The other different is the audience’s taste is far broader than it was forty years ago. Or maybe it’s just that creators aren’t restricted to producing what retailers will stock. With print-on-demand and web comics and crowd funding, it’s possible for a creator to find a niche large enough to support their work, but too small for a retailer to bother with. It’s really opened up the market.
What was the first comic you remember reading and loving, was it an inspiration for you?
I pretty much covered that in the first question. I credit Son of Origins of Marvel Comics and its predecessor for the inspiration. Beyond that, credit goes to the guys working at Marvel and DC in the 1970s for producing comics that were fun reads.
As a pioneer of internet comics, and a longtime comic industry guy, what is the best advice to break into the comic industry?
People ask me this question from time to time, and I’m the worst person associated with the field to ask. I mean, I broke into comics by picking the lock on the industry’s back door and letting myself in. By the time others realized I hadn’t come in through the front door, it was too late to kick me out. But there’s no reason others can’t do the same thing I did.
What you really need is the desire to make comics and the willingness to put yourself out there. And a team of people to do the things you can’t do. Unless you can do it all by yourself, in which case we all hate you. (Not true. Or, not entirely true.)
Every creative endeavor has risks. You must be willing to face those risks, take those chances, and have skin thick enough to turn aside those people who will dislike your work. If you can do that, you can learn the rest.
What are your honest opinions on today’s comics?
I rarely read books from the big publishers anymore because so many of the people producing them seem more interested in preaching than creating entertaining stories. The thing is, it’s possible to produce socially relevant comics and tell a good story at the same time.

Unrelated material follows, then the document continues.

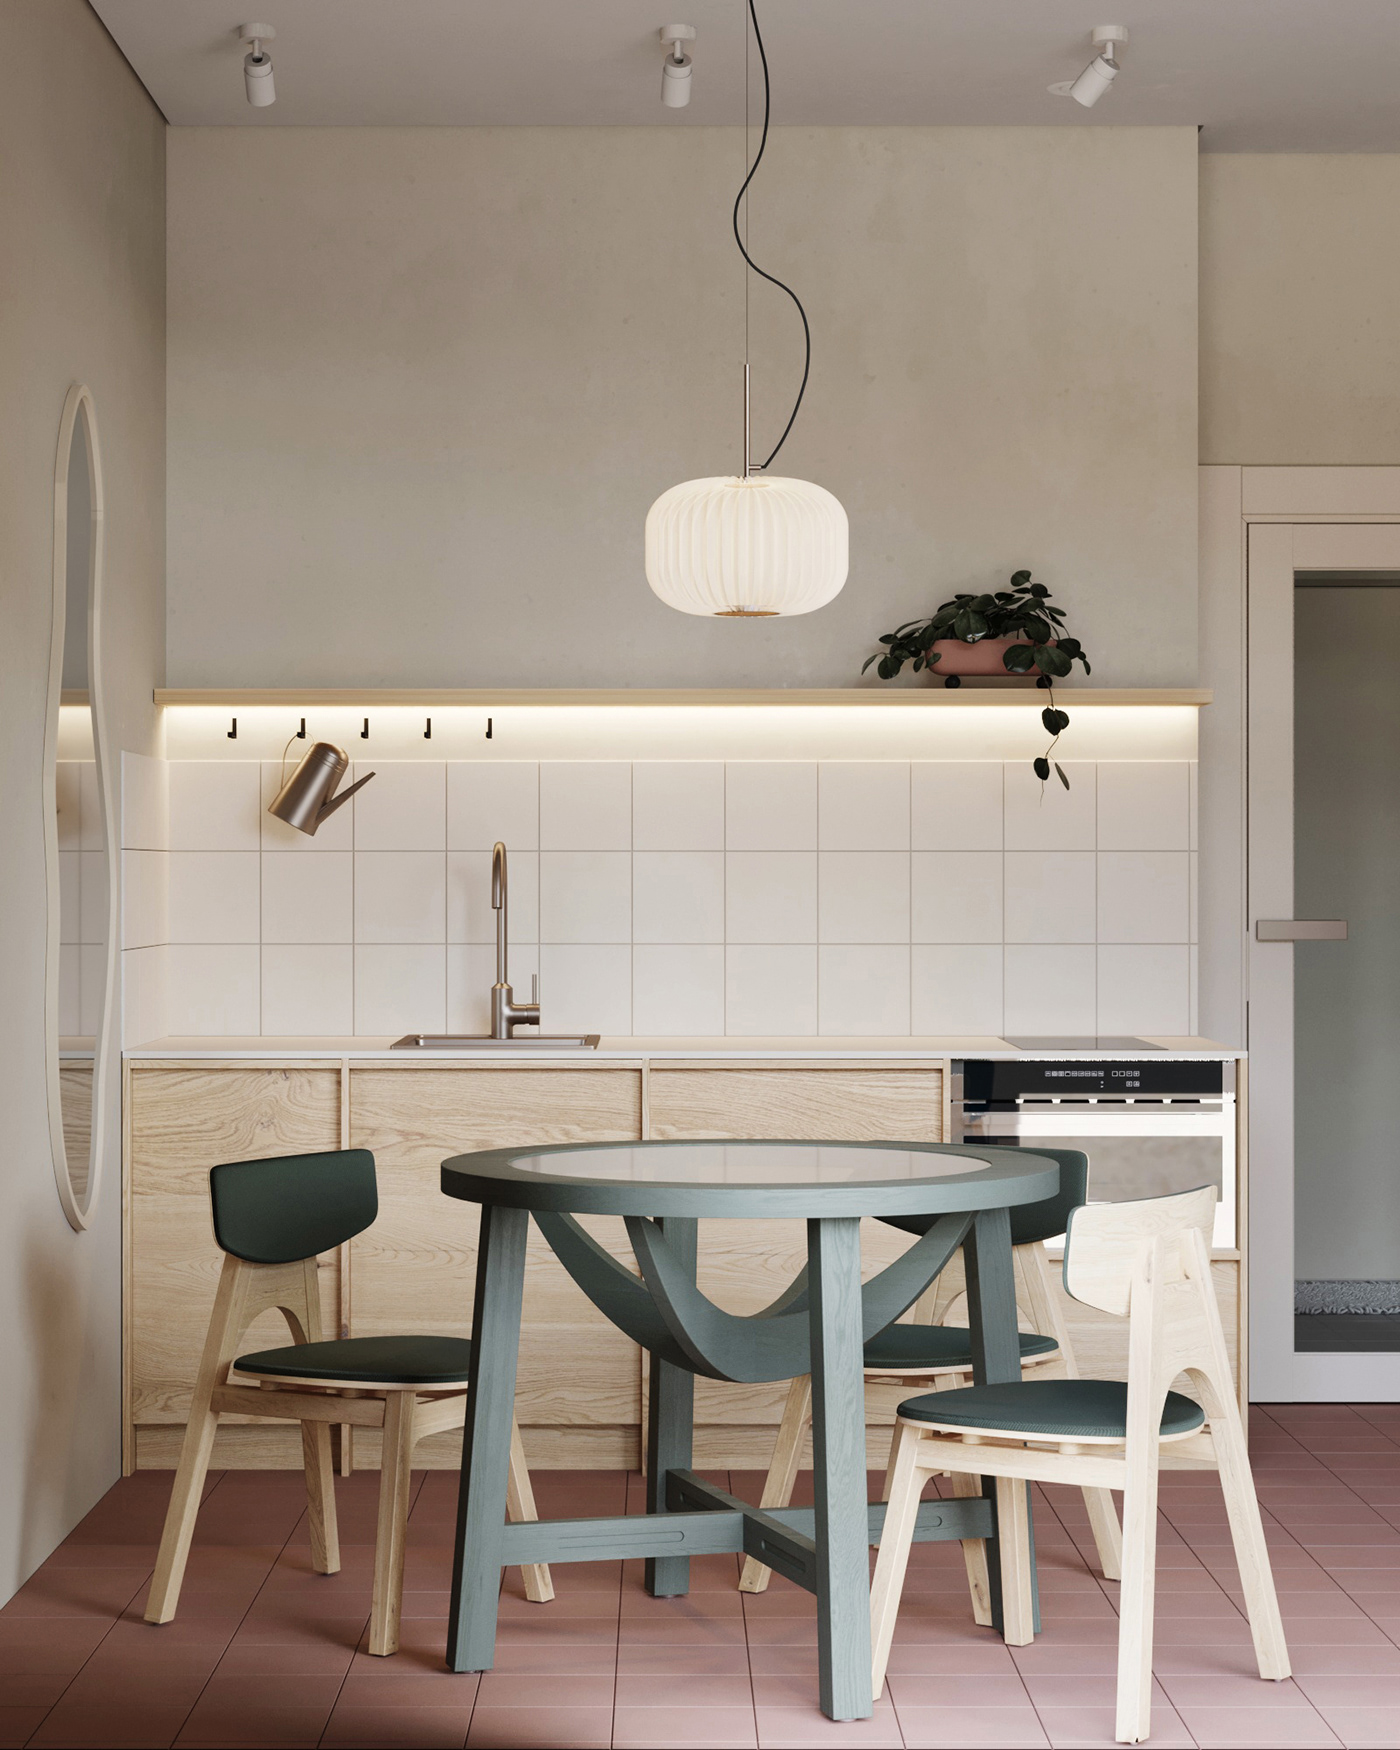 3dsmax airbnb airbnb apartment cozylivingroom interiordesign interiorvisualisation minimalisticinterior scandinavianinterior smallapartment smallapartmentdesign

From the ‘60s forward, the field had plenty of that, but those creators understood that they had to tell a good story, too. Too often these days, if you open a new comic, you’re hit with a wall of word balloons filled with an info dump about whatever cause the author is passionate about. Too often a character’s identity – be it sexual or ethnic – becomes their entire personality, and it seeps into everything the character says and does.
I have friends and relatives across the spectrum of identities, and none of them act like the cardboard activists I’ve seen in some comic books. The stupid part of all the preaching is that the creators intentionally alienate the people they should want reading their work. There is no point to message that doesn’t reach those who most need to read it.
On the other hand, I’ve backed plenty of fun, entertaining crowd-funded books. The worst of those are okay, and the best are a lot of fun. Some of them feature the character taking a political stance on some topic, but it only comes up when appropriate for the story and they don’t hammer you with it in every scene.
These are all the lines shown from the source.